If I take a value(number) from user when the user gives any input starting with zero, I dont want it to interpret as octal number. So I wanted to escape zero if the number starts with zero.
[In a comment, the OP explained he wants numbers input by the user to be treated as decimal even if they have leading zeroes.]
In numerical literals (code that produces a number), a leading zero tells Perl that the number is in octal.
$ perl -E'say 045'
37
But that does not apply to numification (converting a string to a number).
# "045" is the same as reading 045 from handle or @ARGV.
$ perl -E'say 0+"045"'
45
So you don't have to do anything special. A 045 input by the user means forty-five (not thirty-seven) if you use it as a number.

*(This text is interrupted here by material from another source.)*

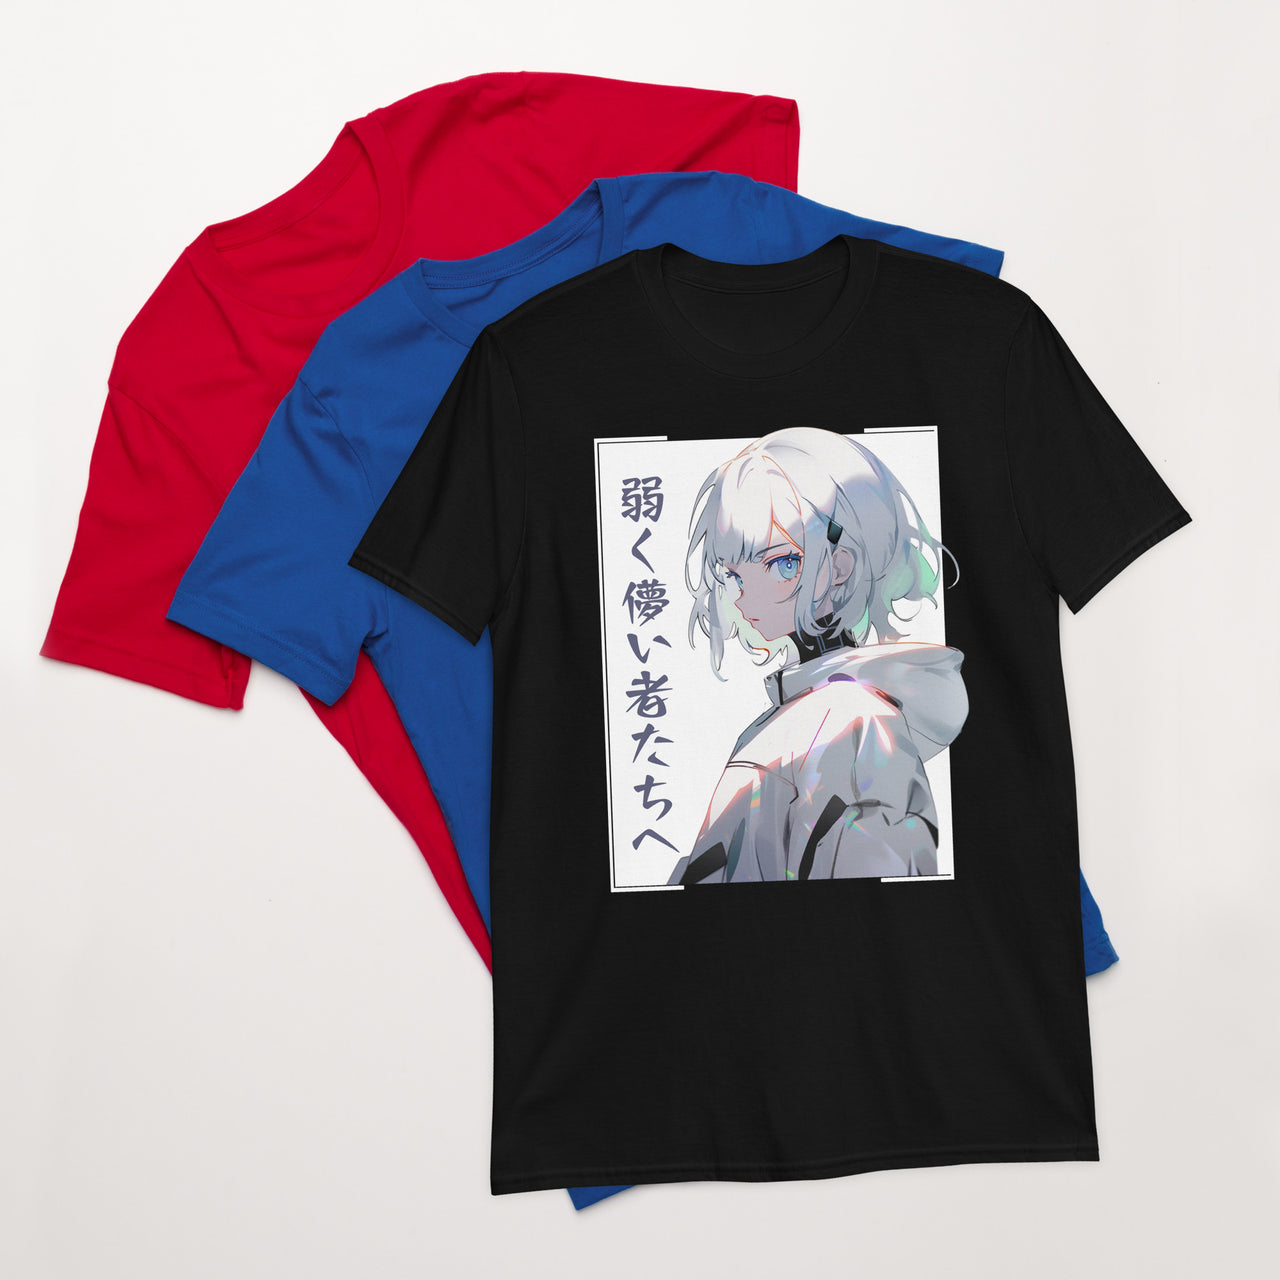 Strength in Weakness Japanese Anime Girl T-Shirt
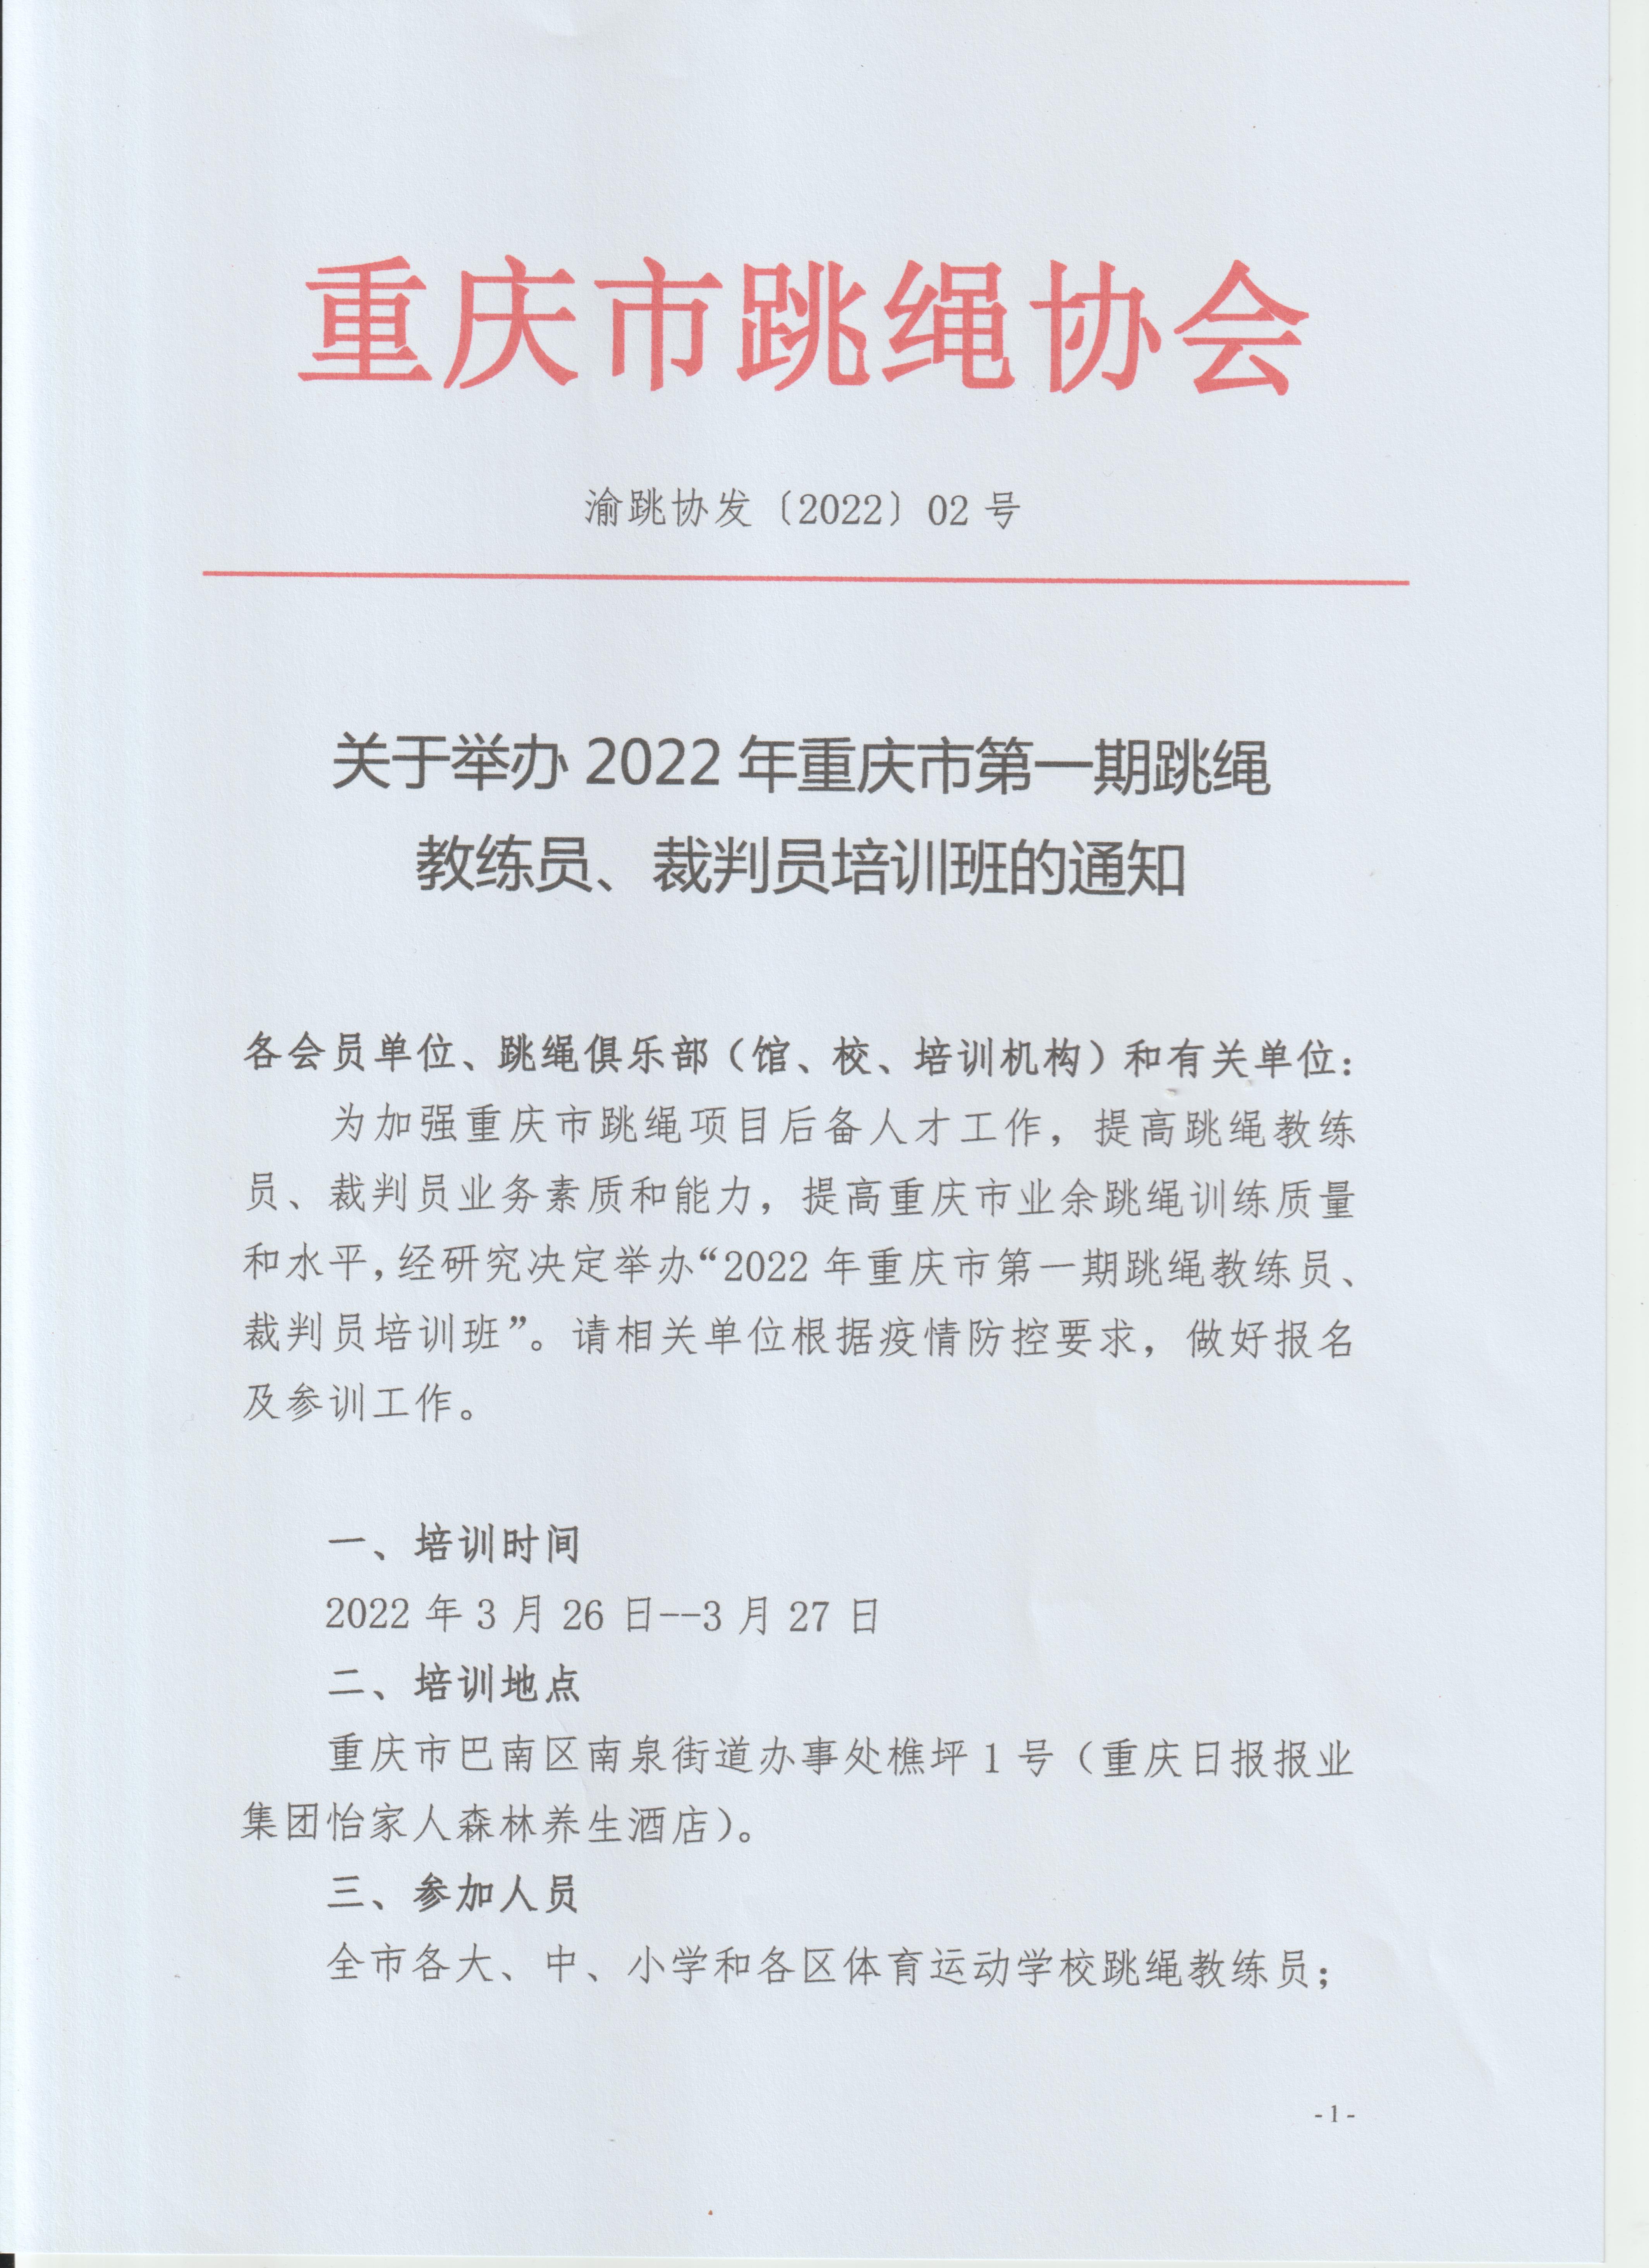 2022年重庆市第一期跳绳教练员、裁判员培训班(图1)

If for some reason you did need to get rid of the leading zero, you could use
$var =~ s/^0+(?!\z)//;
The (?!\z) makes sure "0" doesn't become "".
It's not a garbage value. You are getting what Perl prints out when it prints a reference.
TYPE(ADDRESS)
It's expected functionality. If you want a \ in your string you'll need to escape it.
$str = "\\12";
Or as Ted Hopp pointed out in the comments with a string literal
$str = '\12';
See the Perl doc for more information.